There was no joint news conference following the luncheon meeting between French President Jacques Chirac and his Ivorian counterpart Laurent Gbagbo at the Elysee presidential palace. But both sides let it be known that a new page had turned in relations between Paris and Abidjan, after months of disagreements.
In a statement issued by his spokeswoman, Catherine Colonna, Mr. Chirac praised progress toward implementing the so-called Marcoussis peace accords signed just over a year ago between the Ivorian government and rebel leaders. But he said more needs to be done.
And in brief remarks to reporters, Mr. Gbagbo said he is leaving Paris "as a happy man."

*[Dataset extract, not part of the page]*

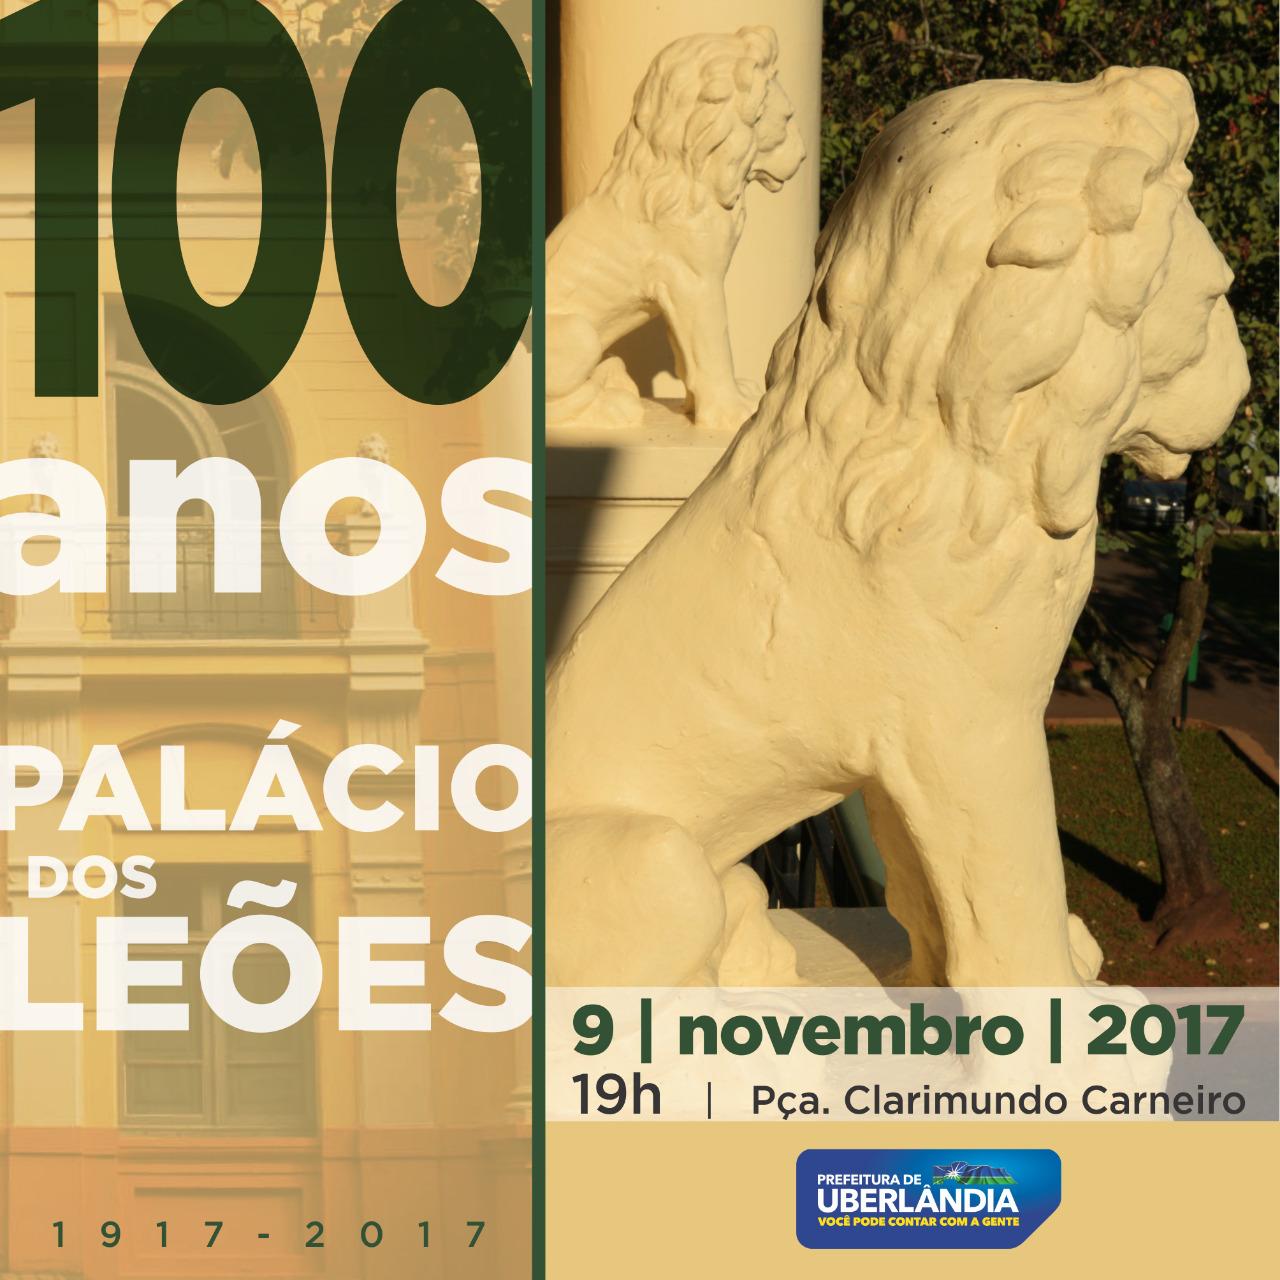 PALÁCIO DOS LEÕES - 100 ANOS

The two governments have been at odds over the peace accords, which Gbagbo loyalists denounced as being imposed by Paris. The plan allotted rebels positions in the new Ivorian government, and set in motion a process to give citizenship to many of Mr. Gbagbo's opponents.
Anti-French demonstrations in Ivory Coast and the killing of a French reporter by an Ivorian police officer last October only heightened the tensions between the two governments. Mr. Gbagbo's visit to Paris was postponed several times.
The official reconciliation process began Sunday with a visit to Abidjan by French Foreign Minister Dominique de Villepin. Mr. Gbagbo flew Tuesday to Paris, and is due to leave France this weekend.
He told reporters that he and Mr. Chirac agreed that disarming rebel fighters is crucial if peace is to return to Ivory Coast. Rebels say Mr. Gbagbo must take certain steps first, including opening up the country's political process.
The French government is also working to get approval for a six-thousand-member U.N. peacekeeping force in Ivory Coast to supplement French and West African troops. But the French initiative is meeting resistance from the United States, which considers the idea costly and prefers a regional peacekeeping alternative, similar to the force in Sierra Leone.
Meanwhile tensions remain in Ivory Coast, more than two years after a failed coup ignited a nationwide conflict dividing the country's north and south.
Mr. Gbagbo also met with leaders of France's opposition Socialist Party, and with Ivorian soccer stars who play for European teams.